Diary of An Anxious Mind

I’d like to say that the soul-rescuing stare that my dog just gave me was his way of somehow saying “Please don’t read that book about a dying dog!” I’d like to have that sixth sense I just read about in The Art of Racing in the Rain, but the truth is I just don’t know. He might’ve been saying, “Please feed me more food even though I just spilled half my bowl on the floor” or “keep petting me please”. Maybe that’s the analytical part of my brain kicking in, or maybe it’s the anxious part: constantly coming up with multiple solutions to a problem and making it impossible to make a choice because every single one is plausible. I hate every single second of it. I’m always paralyzed by indecision and not wanting to make the wrong one that I never allow myself to make the right one.
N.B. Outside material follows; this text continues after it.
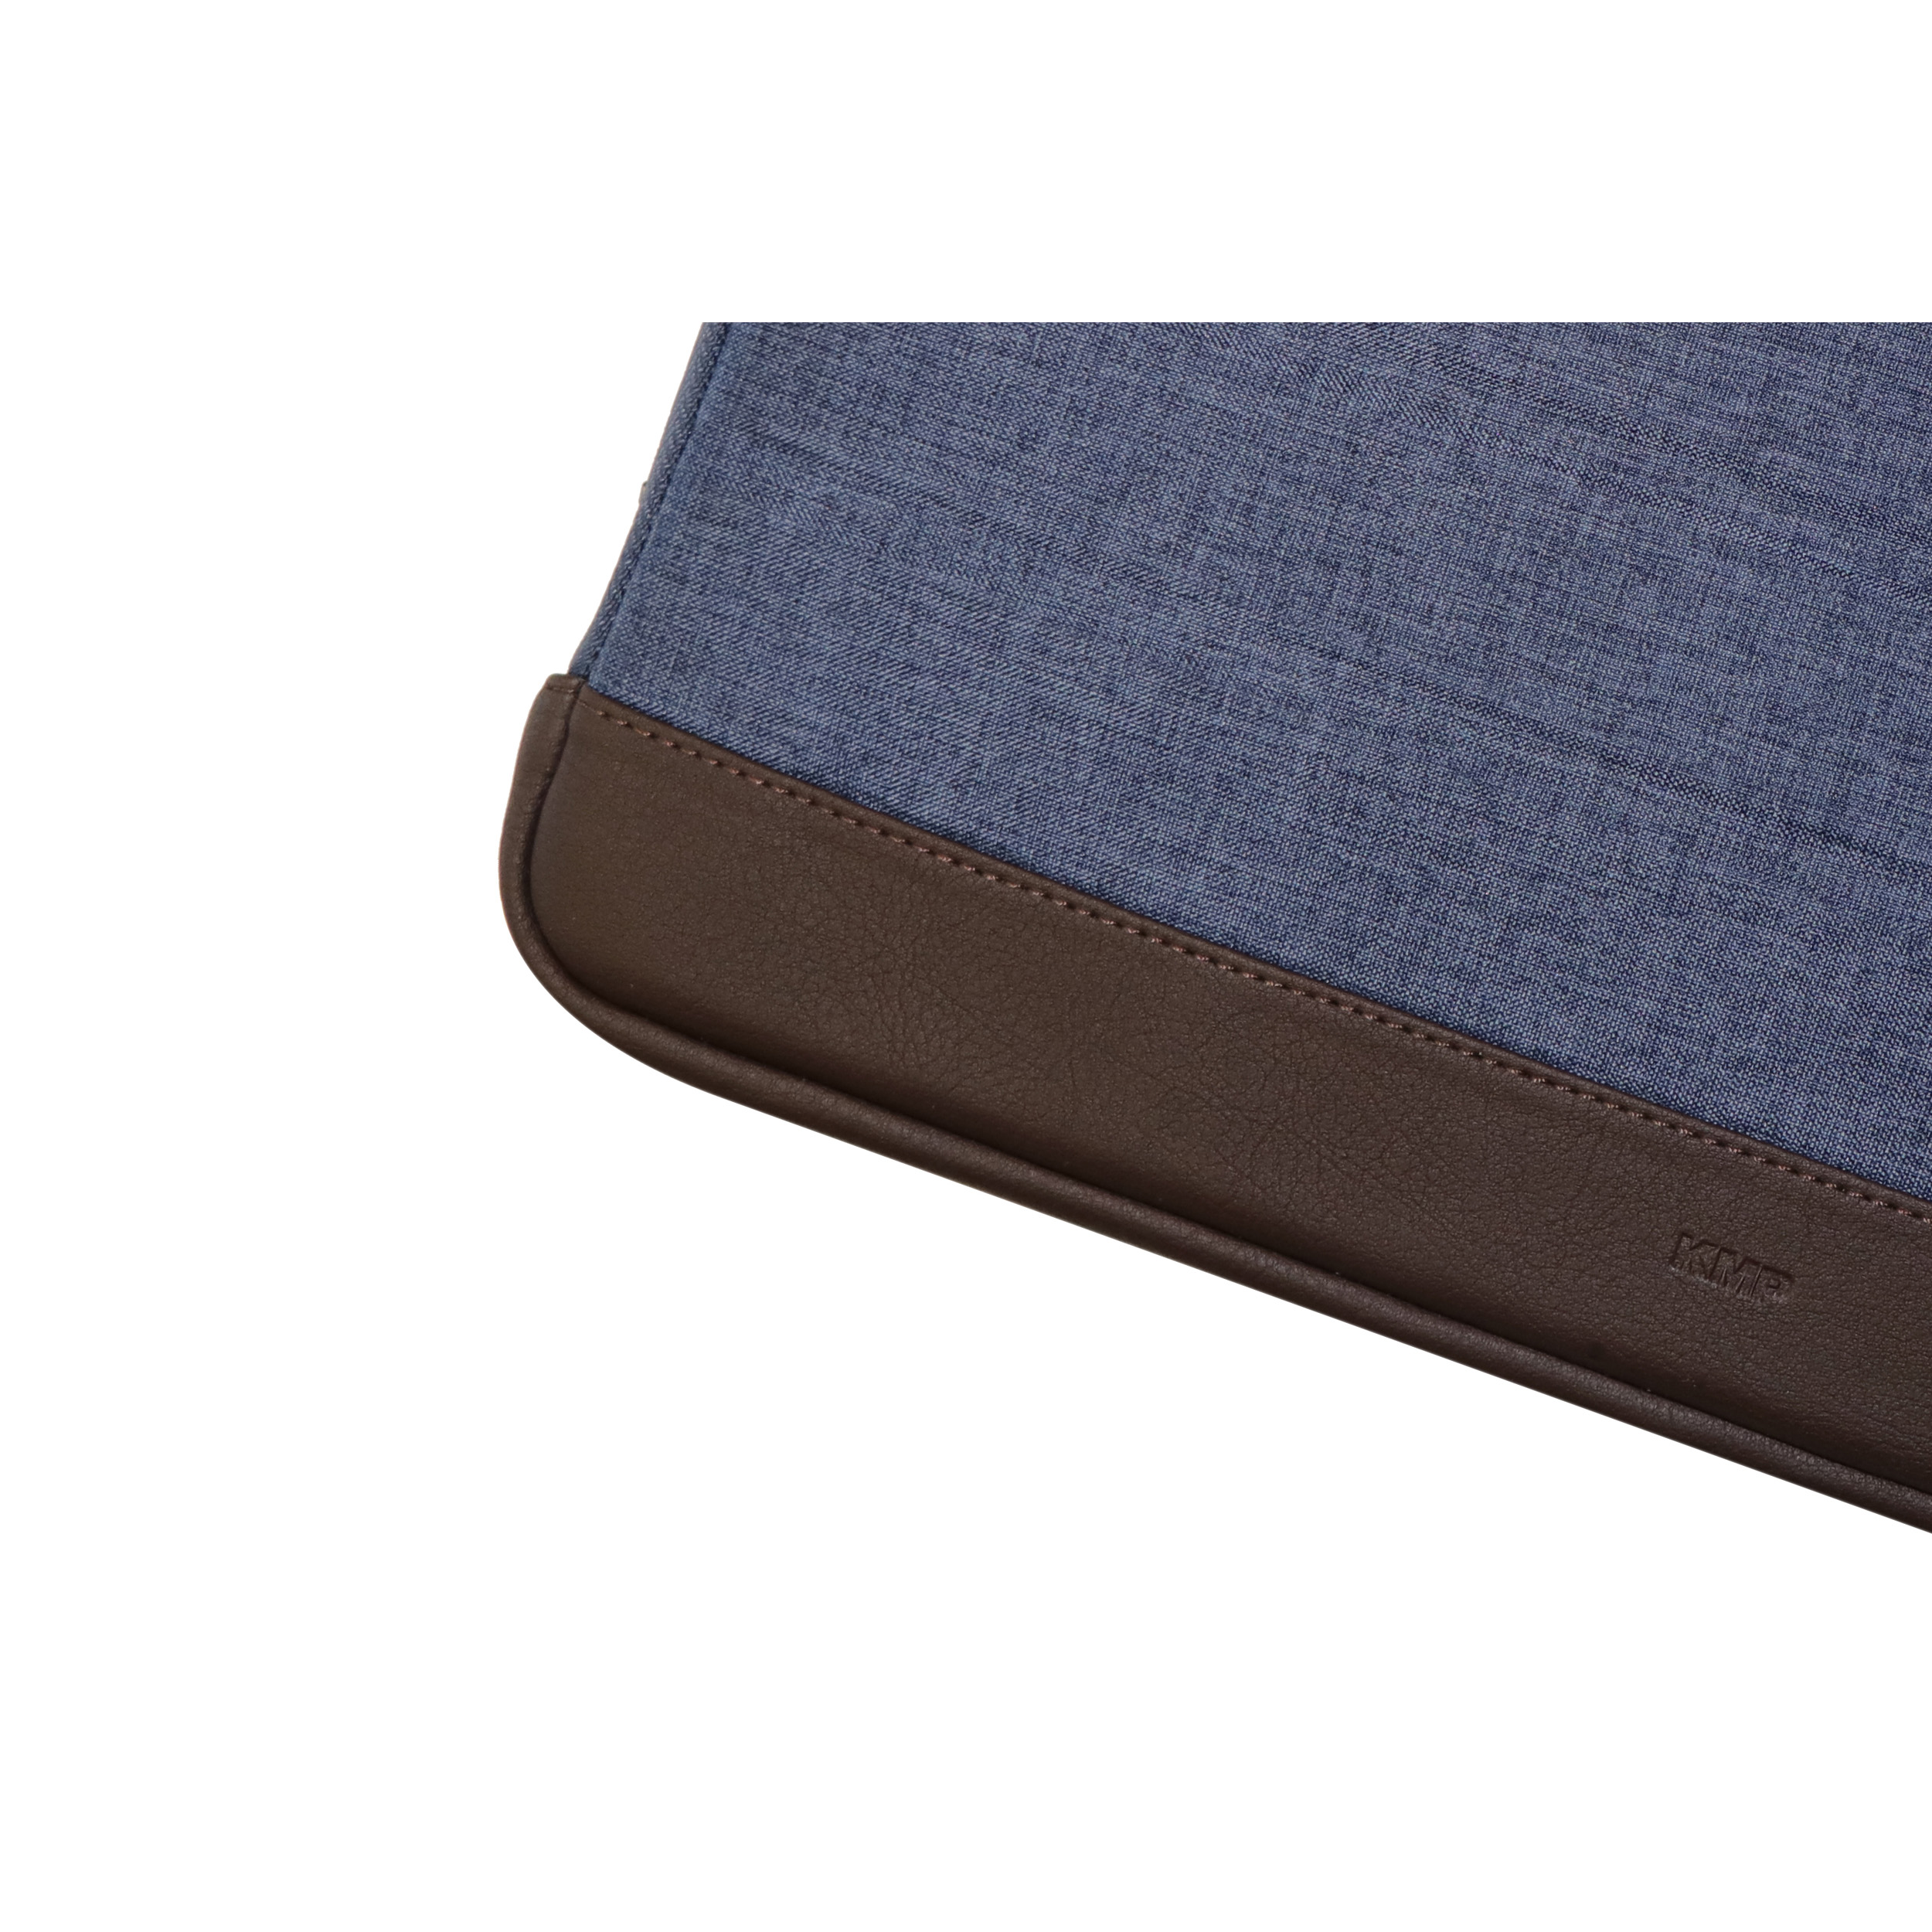 KMP Sleeve für Sleeve MacBook für Blue/Brown Textil, Pro Notebook biobasiertes Apple Material / Sleeve brown Lederoptik, blue in 13

At least that’s what happens while I’m overthinking. Anxiety is a bitch.

It’s constantly causing me to over complicate situations that are not hard. "Should I text that person or should I wait. If I text them, what will they think of what I say? Will they think I’m annoying them?" The answer is usually all jumbled around in my overactive mind, so I (more times than I’d like to admit) put it off so long that we don’t talk for several days. Imagine what it’s like when I actually have to do something important like call the insurance company or apply for a job.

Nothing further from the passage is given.